I found the flash chip to be an 8MB MX25L6406E chip, and the vendor BIOS was from American Megatrends (AMI). aptiov-screenshotSince I knew that flashrom wouldn’t work on laptops (more on that later), the first thing I tried was to find the flashing tool from the AMI utilities. I didn’t know what kind of BIOS I had, but looking at the screenshot from the Aptio-V page, it was clear that it wasn’t Aptio-V, so I had the choice between AMIBIOS or Aptio-4… so I first tried the one for AMIBIOS, I created a bootable DOS USB stick and copied AFUDOS to it… but it failed, then I tried the tool for Aptio-4, it failed, but it gave me an error message that said I need to use the tool for Aptio-5, so I finally downloaded the AFUDOS utility for the Aptio-V BIOS and that one worked (facepalm!). So I dumped my BIOS, success! Hmm, it’s only a 6MB file, weird…

Now, I figured that “It’s nice and all, but I need to be able to do it from a GNU/Linux platform”, because Librem users will be using PureOS so they’d need a way to dump/flash their BIOS from there. Thankfully, I found that AMI also has a tool called “AFULNX” for GNU/Linux, but for some reason it’s not available for download. I eventually found a link to it, which I can’t seem to find again now, but I also found this great article by Roman Hargrave that explained just how “awesome” (emphasis: sarcasm) AFULNX is. To make a long story short, the AFULNX tool will extract the source for a kernel module and try to build it, which will always fail because they are missing an include, then it deletes those source files, so I’d have to be quick enough to suspend the process before it deletes the files, then make a copy and fix the code so it compiles, then I need that kernel module file to be renamed (otherwise on the next execution it deletes it and retries).

Anyway, I managed to run AFULNX and dump my kernel. It’s another 6MB binary, which is weird because I know from the spec of the chipset, that the flash is supposed to be 8MB. So I compare the BIOS I dumped with the one that was dumped with the Logic Analyzer… Surprise, surprise, they are completely different. After a little investigating, I realize they are not so different, but the BIOS dumped by AFULNX is actually the last 6MB of the flash, while the first 2MB were completely skipped. Comparing the images from the v1 and v2 BIOS images, and also looking at the LA trace, I could see that the first thing being read is the offset 0x10, which contains the magic number 0x5aa5f00f in both images, so I figured that the flash has some sort of “filesystem” which itself contains the BIOS file, and that the AFULNX binary only dumps that BIOS file without the filesystem itself. This meant that my dump was useless in the case of a bricked laptop. I needed a full flash image, otherwise I couldn’t recover.
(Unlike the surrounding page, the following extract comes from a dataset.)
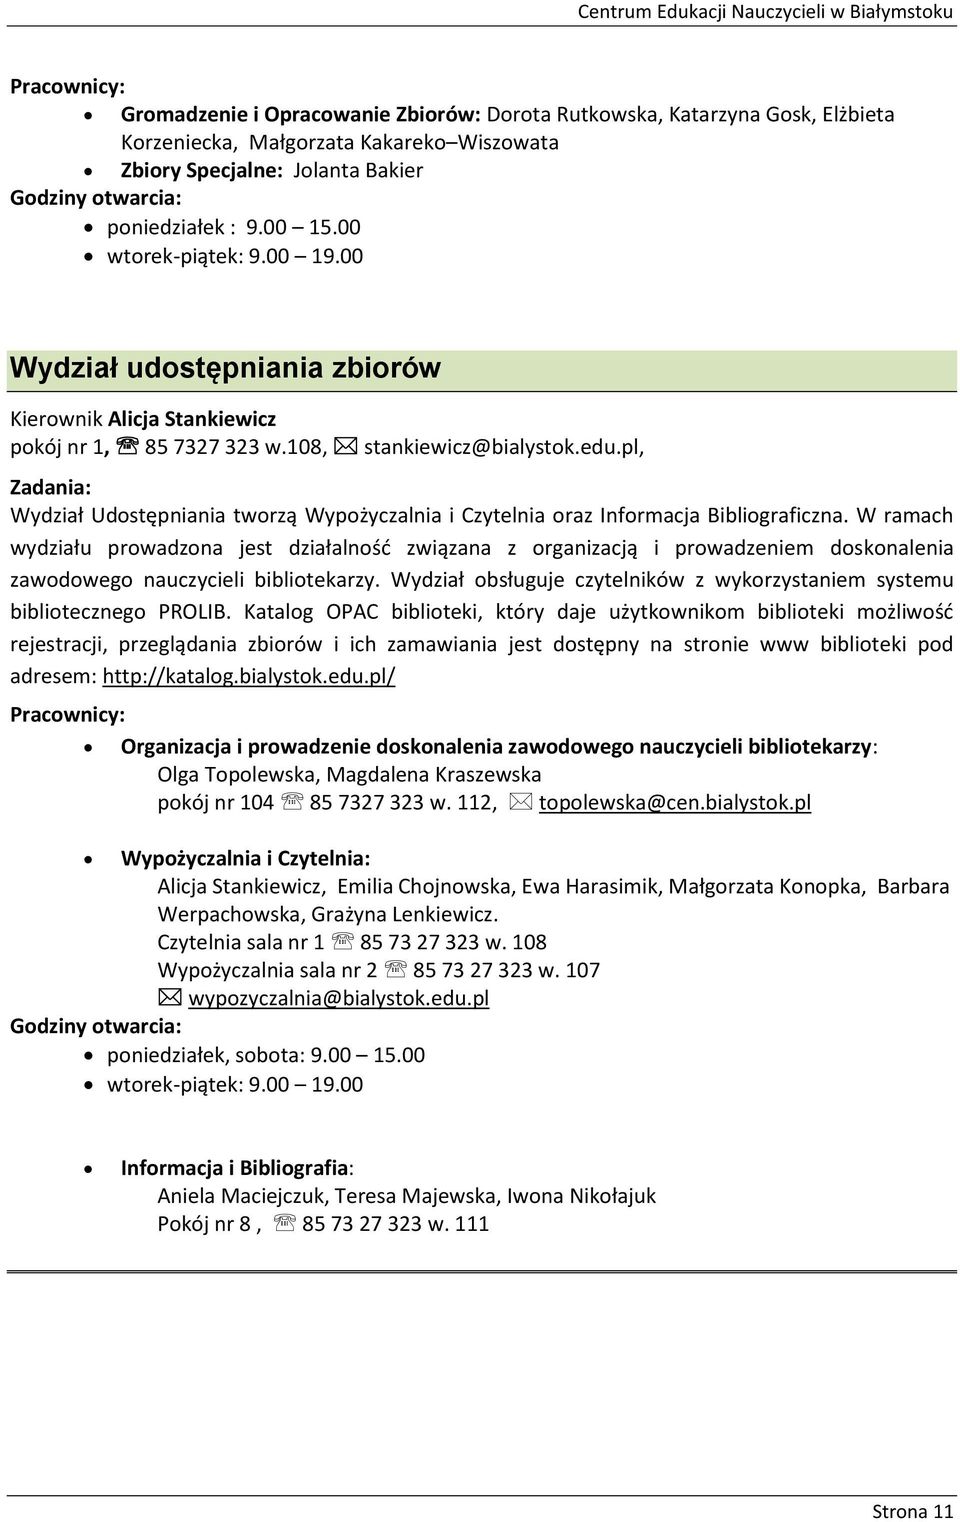 edu.pl, Zadania: Wydział Udostępniania tworzą Wypożyczalnia i Czytelnia oraz Informacja Bibliograficzna.

I then started investigating what this “filesystem” is, and I can’t say that I found a lot of documentation! Thankfully, I know the magic number of 0x5aa5f00f and that helped me find some stuff about it such as a patch on flashrom talking about supporting “ROM layout from IFD“, then, I found the magic number in the ichdesc.py from the tool called romdump which seems to be used to split the raw flash into multiple parts (one of which is the 6MB BIOS file from AFULNX), the file calls it the “ICH flash descriptor”… which led me to something called “ich9gen” that is used to generate that structure (so, is it an ICH9 or an IFD format?). Obviously ICH is a reference to the Intel Controller Hub, which I assume is the one parsing that flash structure (but then why does the coreboot developer manual say that the CPU just loads the top most 16 bytes from the flash? That’s clearly not the case since there is an actual structure to the BIOS and the ICH is the one parsing it prior to the BIOS getting executed). Anyway, I eventually figured out that it’s called (in coreboot speak) a “descriptor” which is used to define “regions” in the flash, one of those regions is the Intel ME firmware, another one is the GbE (Gigabit Ethernet) configuration data, which is used to configure the Intel integrated GbE device (it contains the MAC address for example), as well as the BIOS region which contains the actual UEFI BIOS.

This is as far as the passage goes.